Dec 21, 2012

Kosova: PM Opposes Serbia’s Plans for Northern Kosovo


Kosovo Prime Minister Hashim Thaci has denounced Serbian plans for ‘special autonomy’ for Northern Kosovo.

Below is an article published by Eurasia Review:

 

 

Kosovo Prime Minister dismisses Serbia’s “platform” for Kosovo, ruling out calls for special autonomy for the Serb-run north as well as territorial partition.

Kosovo’s Prime Minister, Hashim Thaci, on Wednesday [19 December 2012] said that Serbia’s recently unveiled plans for Kosovo should be “filed away”, along with other failed projects.

“That project will remain in the files of Belgrade’s wishes, like all the other failed projects from the time of [the 19th-century Serbian nationalist] Garasanin to that of current President [of Serbia, Tomislav] Nikolic,” he said.

Thaci said the plan was “a continuation of Belgrade’s old plans with regard to Kosovo… a plan that cannot be realized in any circumstances, with regard to autonomy in Kosovo or territorial partition.”

He also said that the plan was “anti-European, and against peace and stability in Kosovo and the region”.

Serbia’s state “platform” was handed to top-officials in Belgrade on Sunday [16 December 2012], although the general public has yet to see the exact contents.

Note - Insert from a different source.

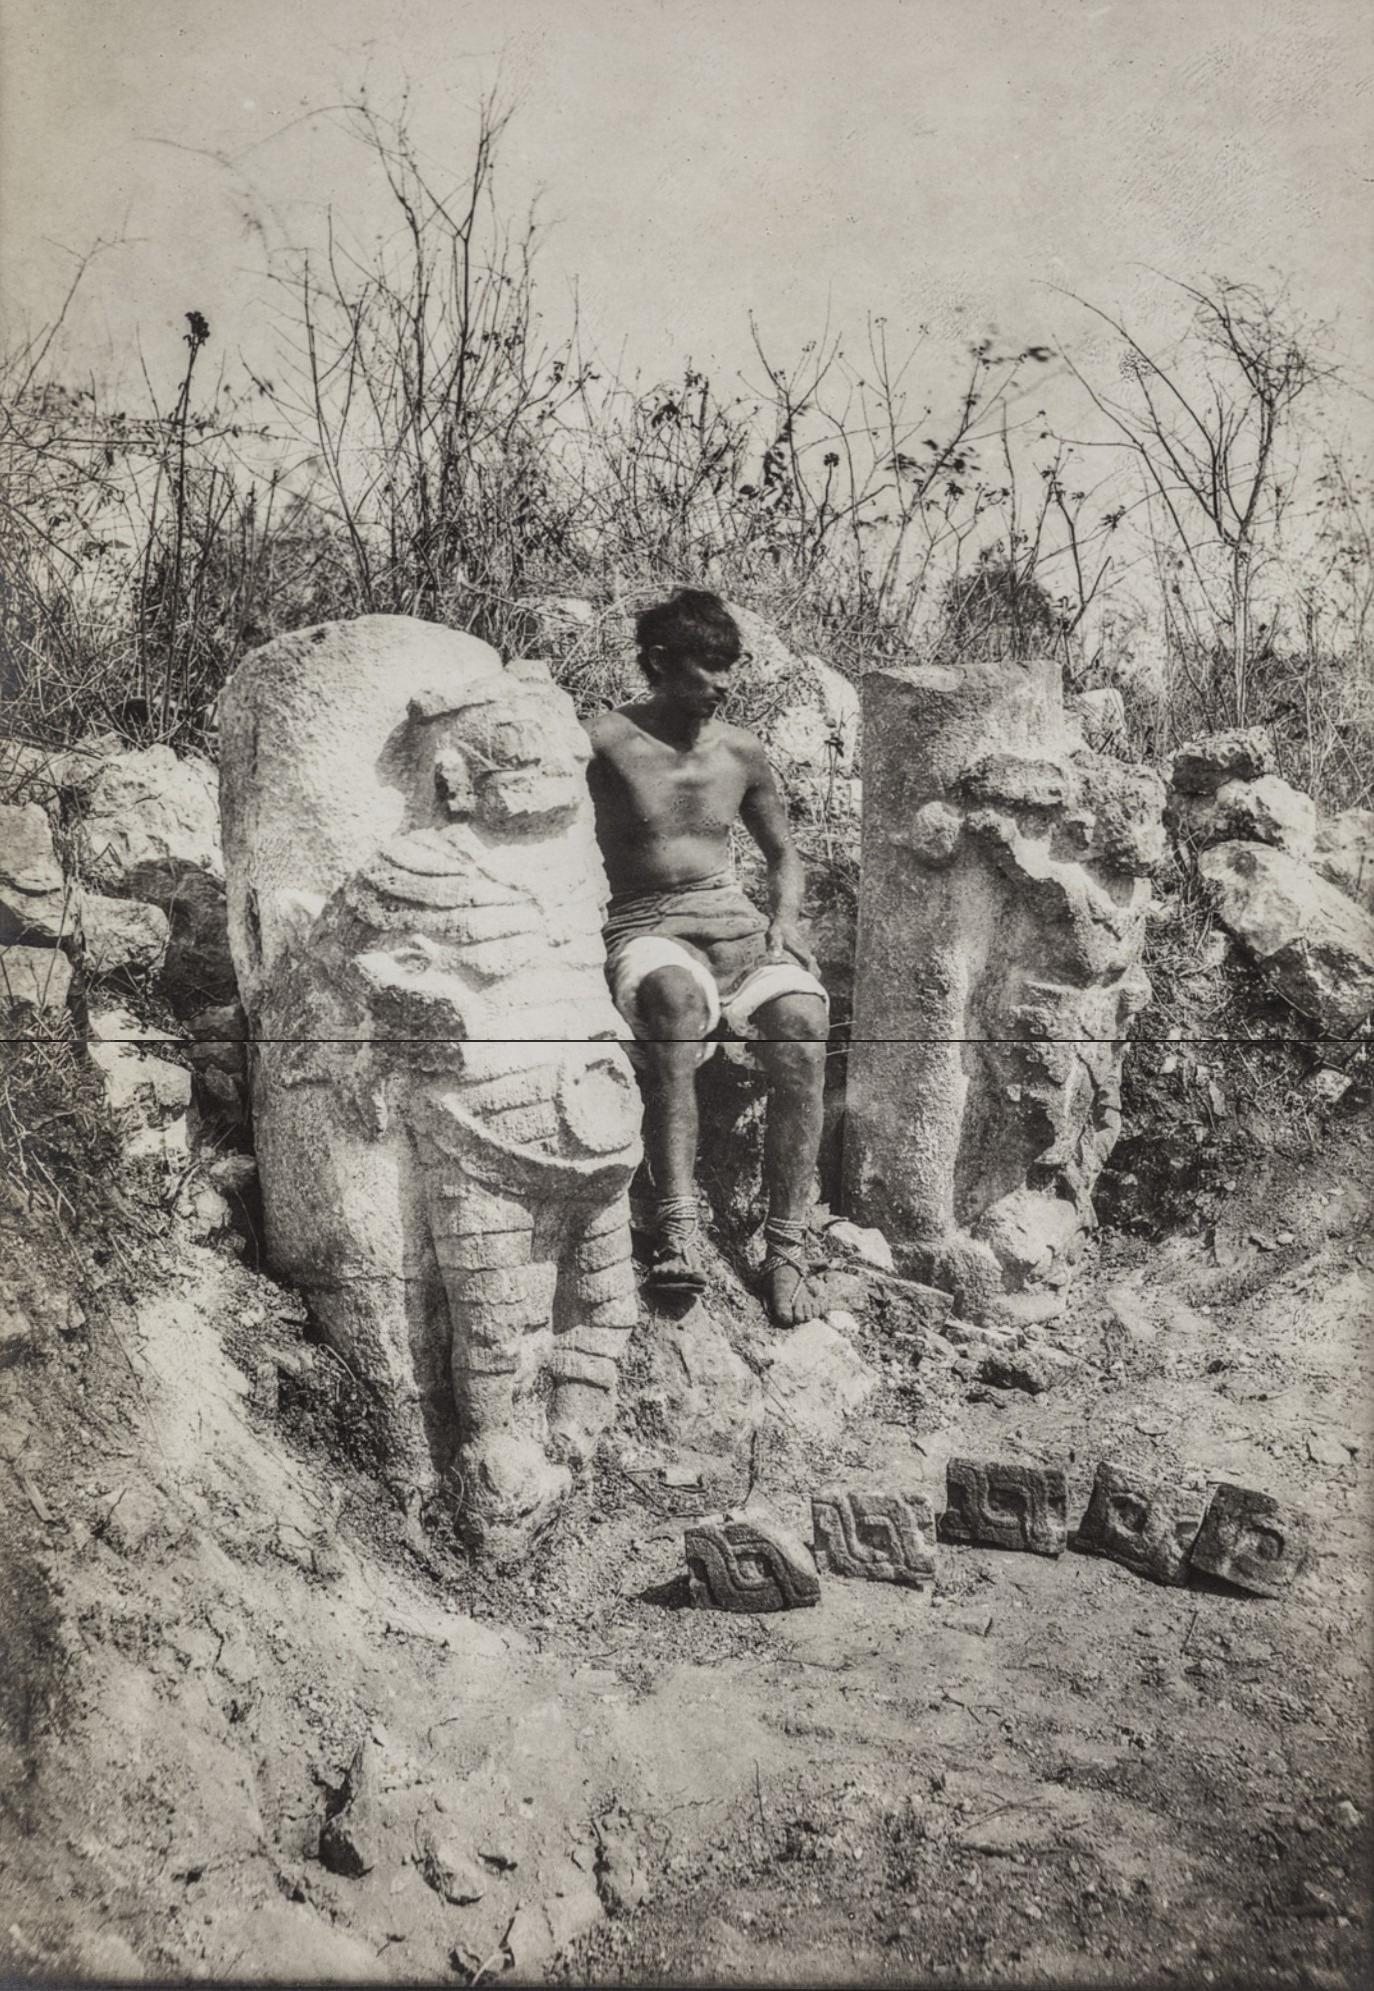 Чичен-Ица. Проводник возле статуи

Serbia’s Prime Minister, Ivica Dacic, said only that there was now general agreement amongst all senior officials on a unified policy.

According to the Serbian media, the platform will be presented to parliament this week by President Nikolic.

In the absence of hard details, the daily newspaper Vecernje Novosti reported that it will envisage the broadest possible autonomy for the mainly Serbian north of Kosovo, saying the area could become “some kind of entity, such as the Republika Srpska” in Bosnia.

The northern part of Kosovo is predominantly populated by Serbs who reject all contact with Kosovo’s institutions.

Its fate remains the subject of dispute between Pristina and Belgrade. However, EU officials hope to resolve it within the Brussels dialogue that they are leading, aimed at normalizing relations between both parties, which began in 2011.

The outlines of a future deal are far from clear, for Kosovo authorities insists on the territorial integrity of the state, the north included, while Serbian officials have stressed their right to defend – and financially subsidise – the local Serbian majority in the area.

As a result, Belgrade finances a whole network of so-called “parallel institutions” in northern Kosovo, including schools, hospitals, post offices and local government authorities.